A Theology to Die For Theologians are not freelance scholars of religion, but trustees of the deposit of faith. Summing up Timothy George
February 9, 1998
Theology that is both Christian and evangelical arises out of the wonder and terror of having been confronted with the living God. It issues in confession, thanksgiving, and praise. As Martin Luther declared: "It is not by reading, writing, or speculation that one becomes a theologian. Nay, rather, it is living, dying, and being damned that makes one a theologian."
What I find most missing in Roger Olson's analysis of evangelical theology is this note of passion. He depicts the contemporary landscape as a kind of range war between the settlers and the explorers. As in the old Zane Grey novels, of course, there is a little drama: fences to mend, turf to protect, a gunslinger on the loose, and maybe a shootout at the OK Corral. But for what? Where is the sense that anything of ultimate importance is at stake in these squabbles? Who is willing to die for a postmodern paradigm?
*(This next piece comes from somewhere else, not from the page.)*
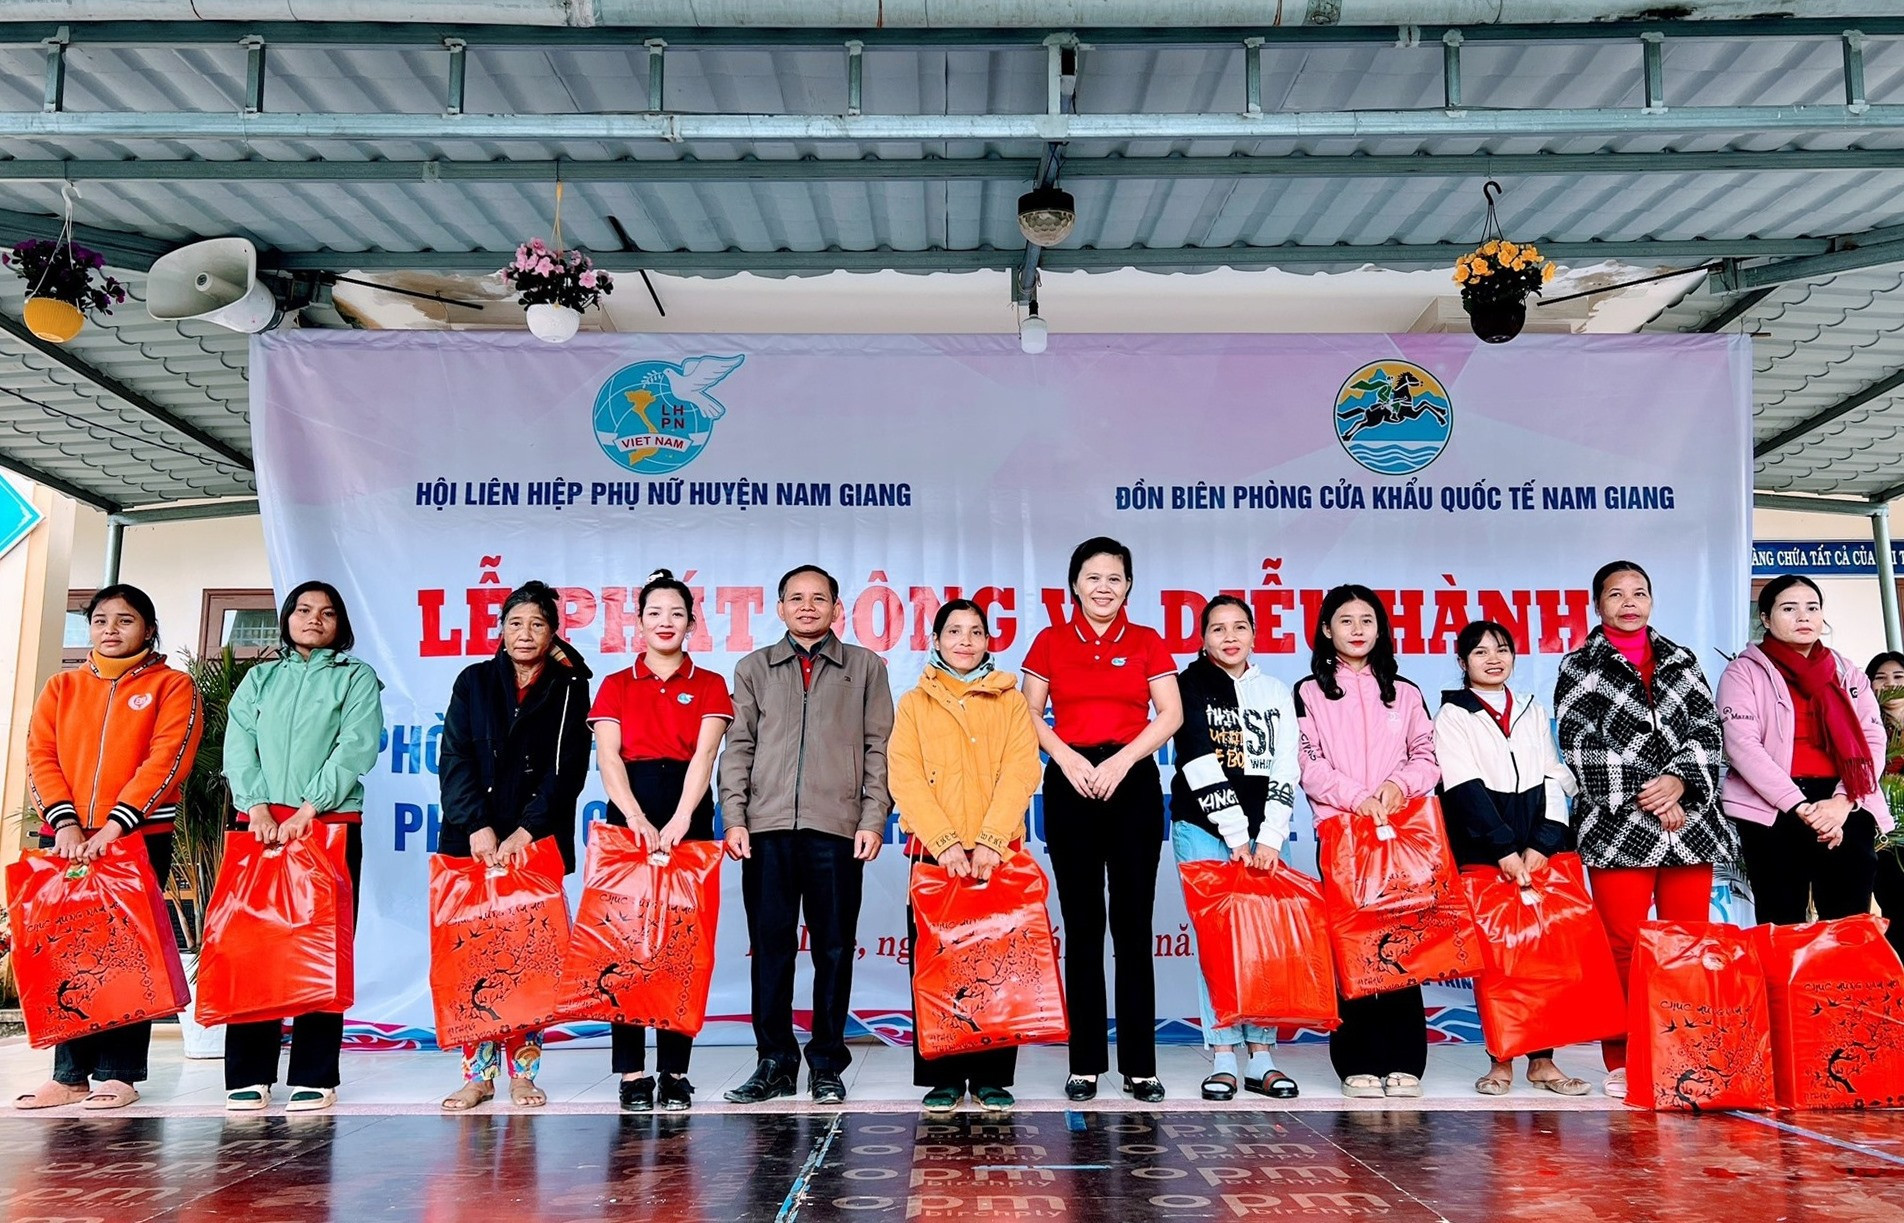 Hội LHPN huyện Nam Giang trao 10 suất quà cho học sinh nghèo vượt khó và 10 suất quà cho hội viên phụ nữ nghèo của xã La Dêê (mỗi suất trị giá 300 nghìn đồng).

When Harvey Cox was a student minister in Berlin in 1962, one year after the erection of the Wall, he was able to travel back and forth between East and West because he held an American passport. He thus became a courier for pastors and Christian laypeople on both sides of that divide and was sometimes able to smuggle theological books into the East. What the people wanted most were copies of Barth's Church Dogmatics. "To carry in something by Bultmann would have been a wasted risk," Cox said. "Let the bourgeois preachers in West Germany agonize about the disappearance of the three-decker universe and existentialism. We had weightier matters to confront." This is a parable for us today. A theology more enamored with novelty than fidelity is not worth smuggling, for it will not nourish the mission of the church nor build up the people of God.